Helena had come to Saardam as First Mate’s pet aboard one of the southern sea’s vessels. After two months at sea, her belly started swelling. She drank a concoction that was supposed to rid her of the child, but it had made her so ill that the First Mate ditched her as soon as they came into port. Helena managed the rooms upstairs, where a never-ending line of sailors were keen to part with their hard-earned money to spend some time with any of the young women H
elena had plucked off the streets in towns along the Saar River. She also knew which men were out of work and was a good contact for hiring deck hands.
Johanna crossed the markets where the trestle tables had been packed away until the next market day. On the far side, the belltower of the church reached for the heavens, like a dark shadow against the sky. A light was on in the porch, flickering with the breeze. Hadn’t the Shepherd Romulus said that the church doors were always open?
Johanna hesitated, looking around. Apart from the church, the other main building at the markets was the market house. During the day, its front and side doors were open, and merchants would bring in their wares to be officially weighed by market officials. At night, the doors were closed. Few private houses surrounded the markets, and in those that did, the curtains were closed over the windows. Something rustled in the shadows that might be a mouse or a rat, or one of the cats employed to catch those pests. There were no people in sight.
Quietly, Johanna walked up the church steps into the darkness of the porch, into the glow of the flapping flame of the storm light that hung on the back wall of the porch, and pushed the door open. It creaked.
It was not completely dark in the church either. Oil lamps set in sconces on pillars that supported the roof spread an orange glow just strong enough for her to see the aisle. Candles burned at the altar.
Her footsteps sounded hollow in the large space and for once she was glad that she wasn’t wearing her clogs.
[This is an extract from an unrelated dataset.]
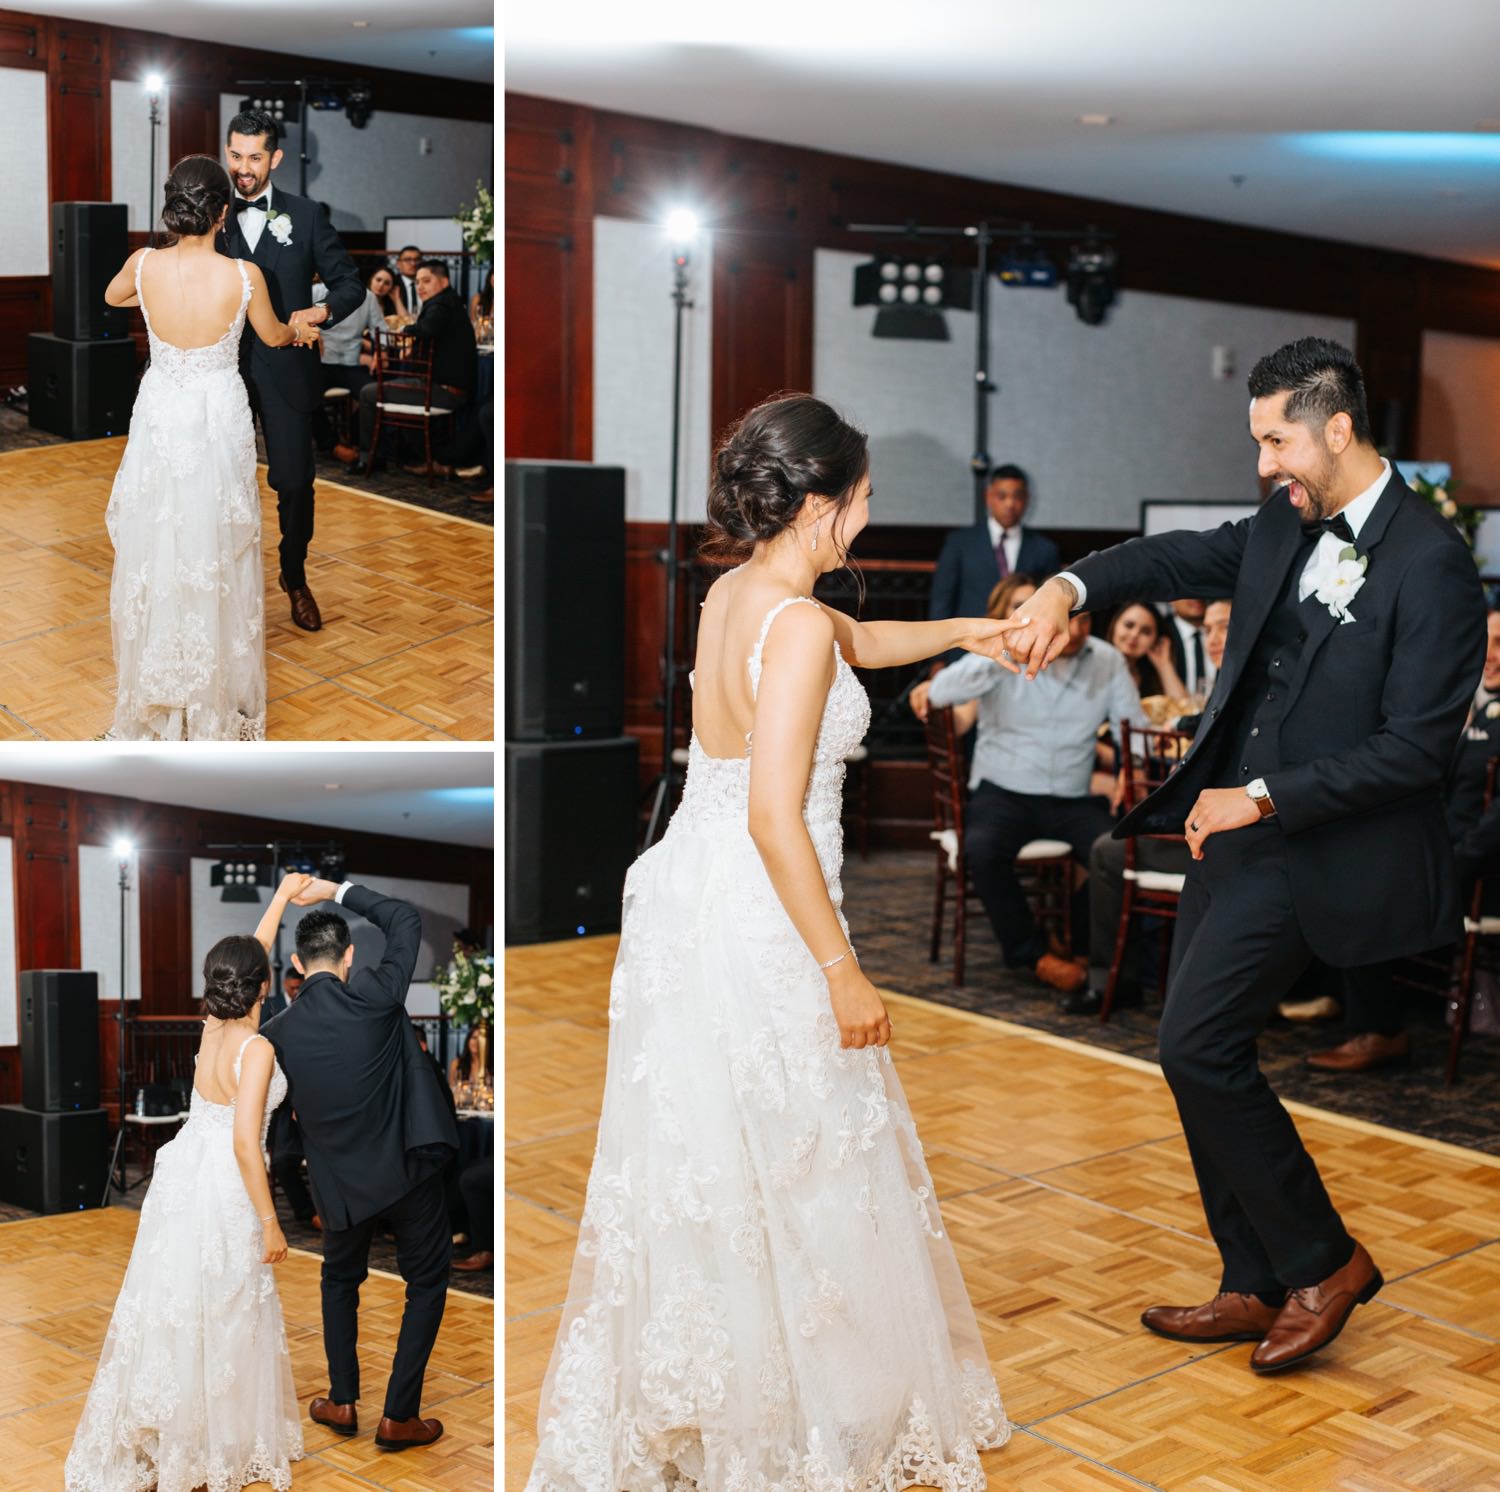 Bride and Groom First Dance - Romantic First Dance between Bride and Groom - https://brittneyhannonphotography.com

The church was a reflective space, with simple glass windows, plain pillars and plain wooden pews. The only thing that had any prominence inside the building was a large statue at the front. The three-headed demon stood on its hind legs, with its front legs slightly in the air. It had the body of a strong dog, with muscular legs and shoulders. The three heads were those of an emaciated ghost, a dog and a man. Father was right: it was a hideous thing, but it was meant to be: it symbolised the ugliness of human emotions the Church sought to change.
There were footsteps at the back of the church and a man in a simple robe dissolved from the shadows. Shepherd Romulus.